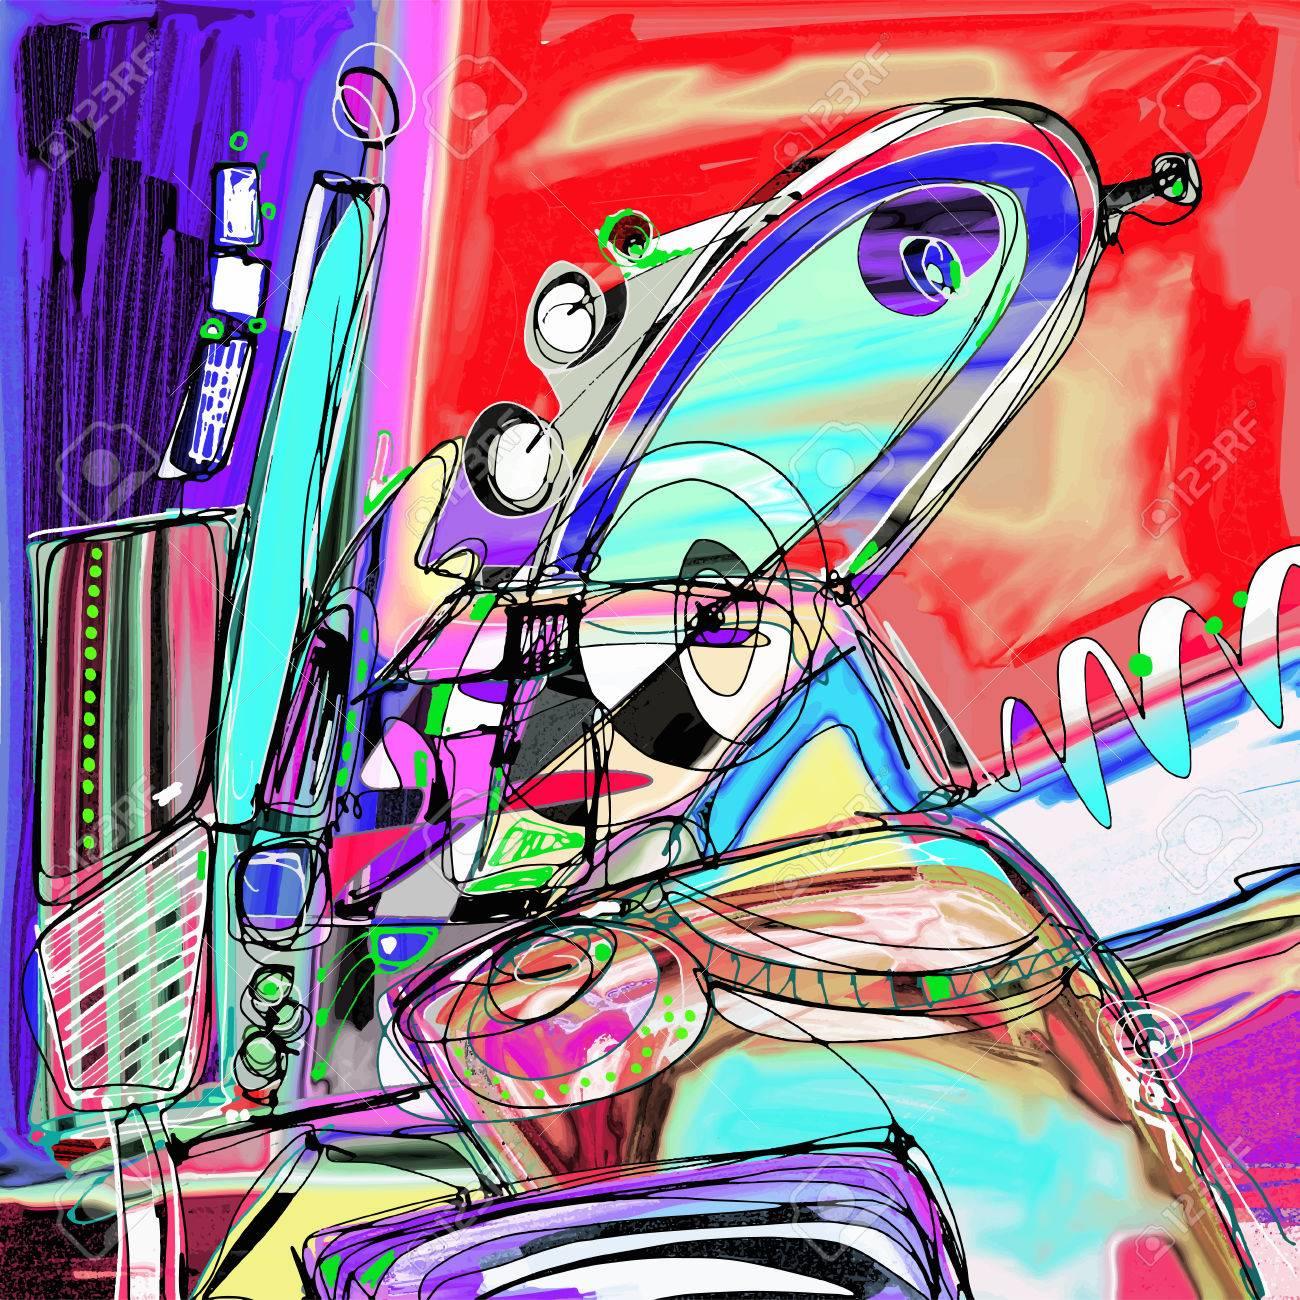 original illustration of abstract art digital painting, vector illustration - 61772149
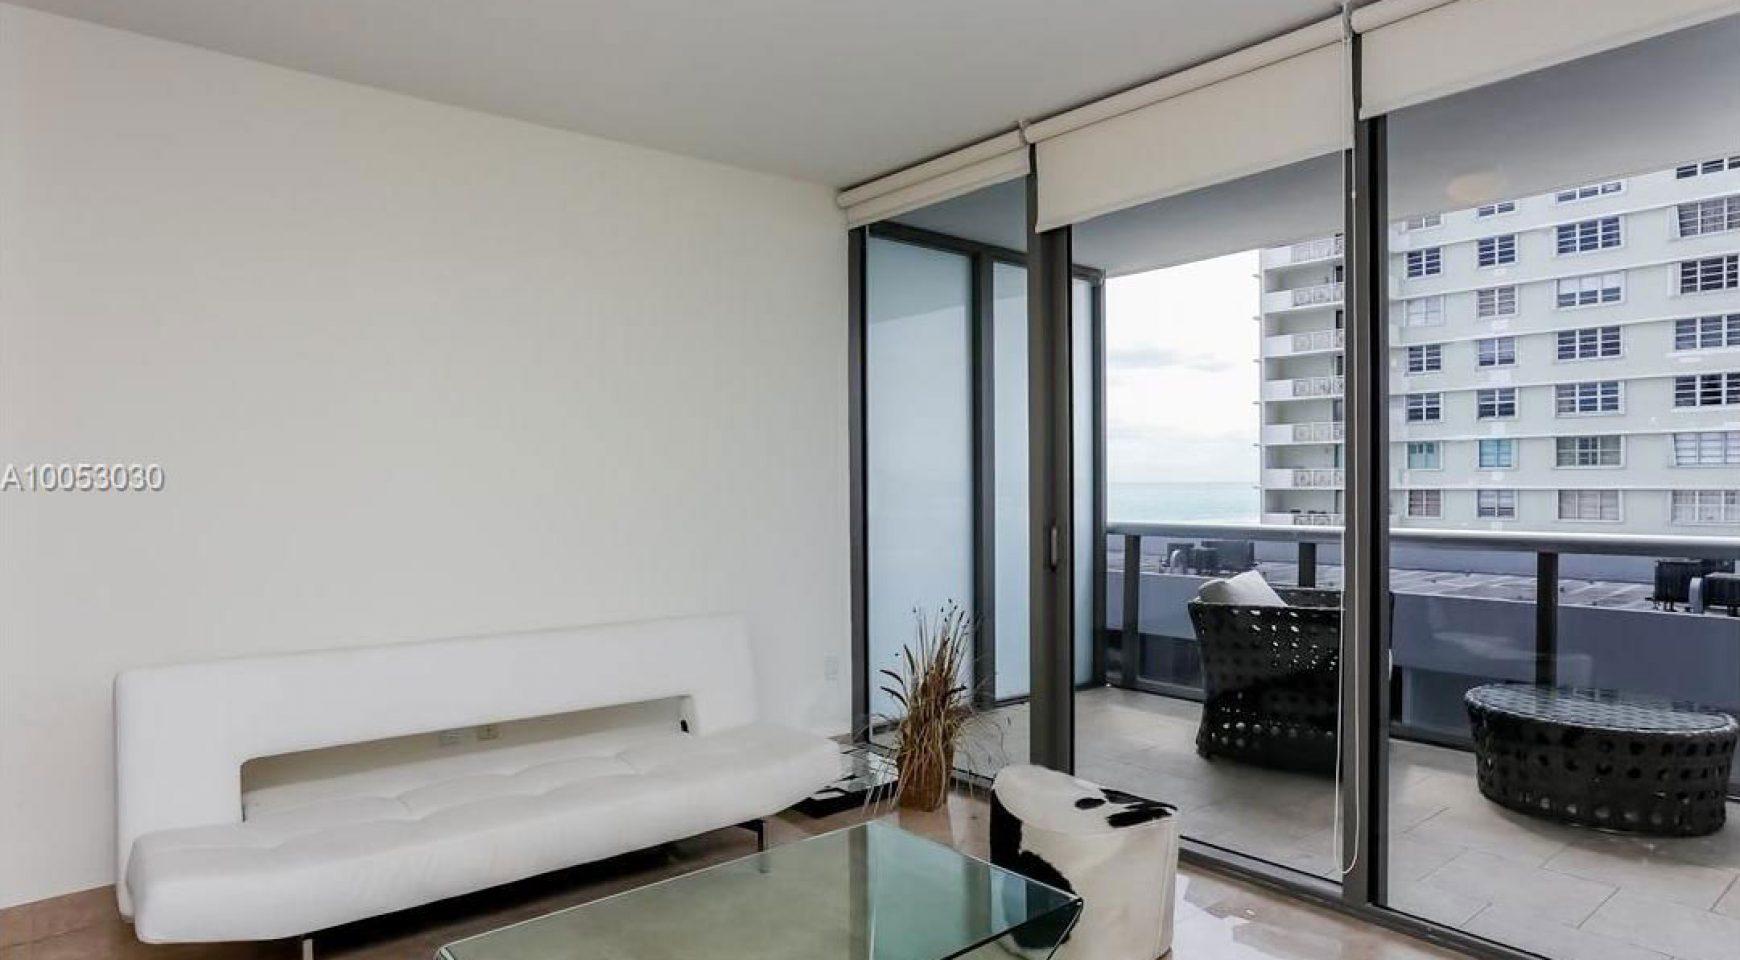 Departamentos en Miami Beach alquiler | | Golod Group
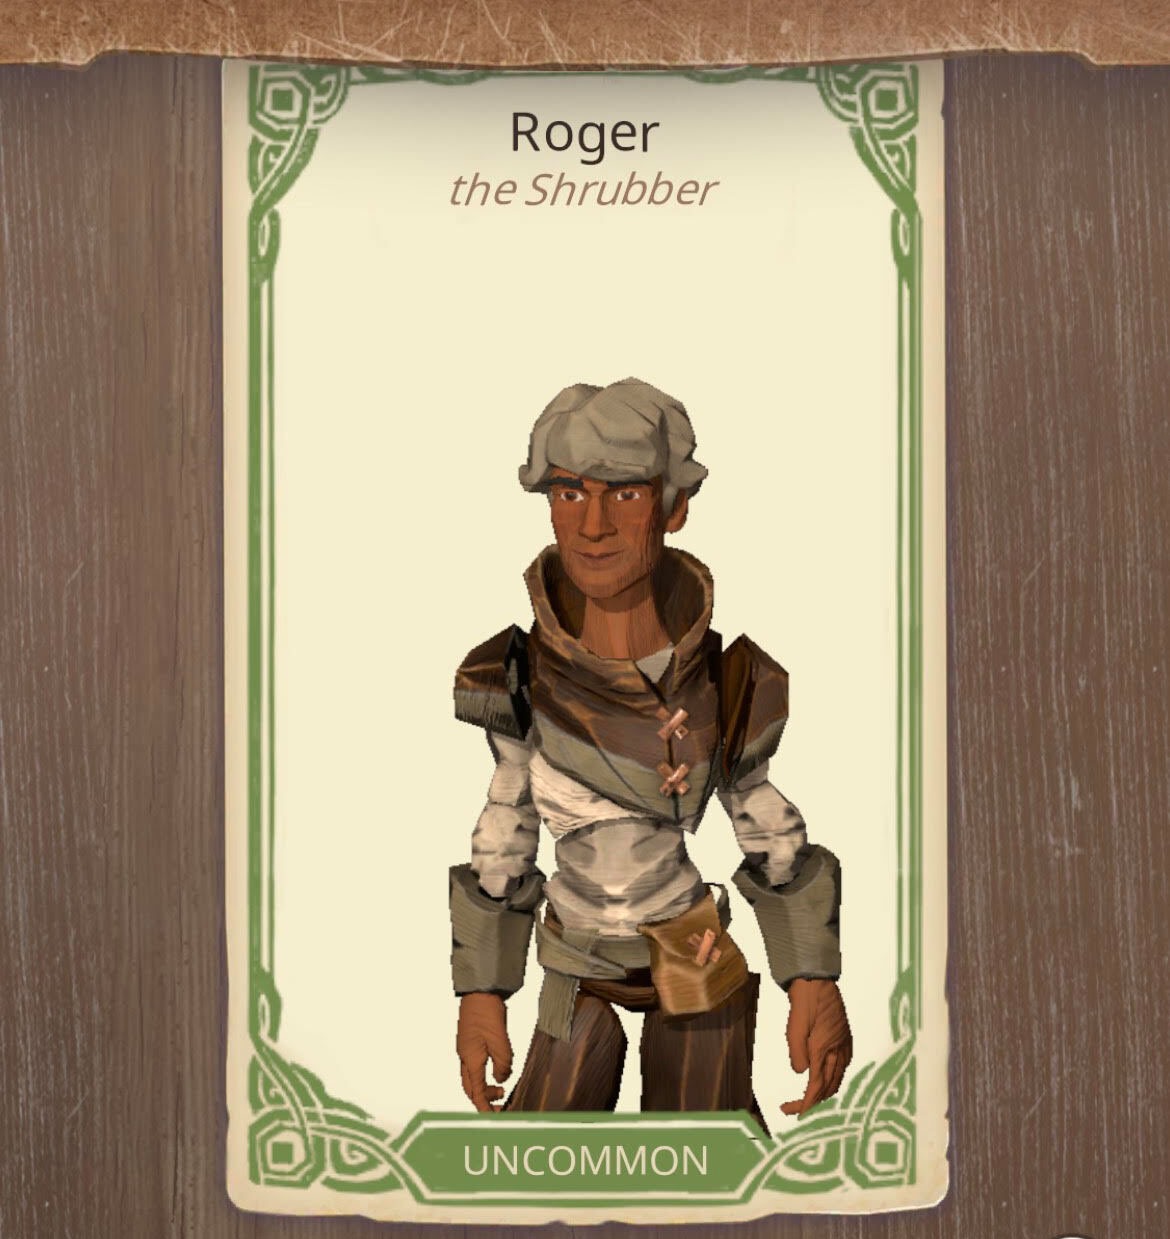 Roger2.jpg

# [Problem statement]
Each of the lines above should be transcribed exactly; no image is to be copied.

# [Answer]
 original illustration of abstract art digital painting, vector illustration - 61772149
 Departamentos en Miami Beach alquiler | | Golod Group
 Roger2.jpg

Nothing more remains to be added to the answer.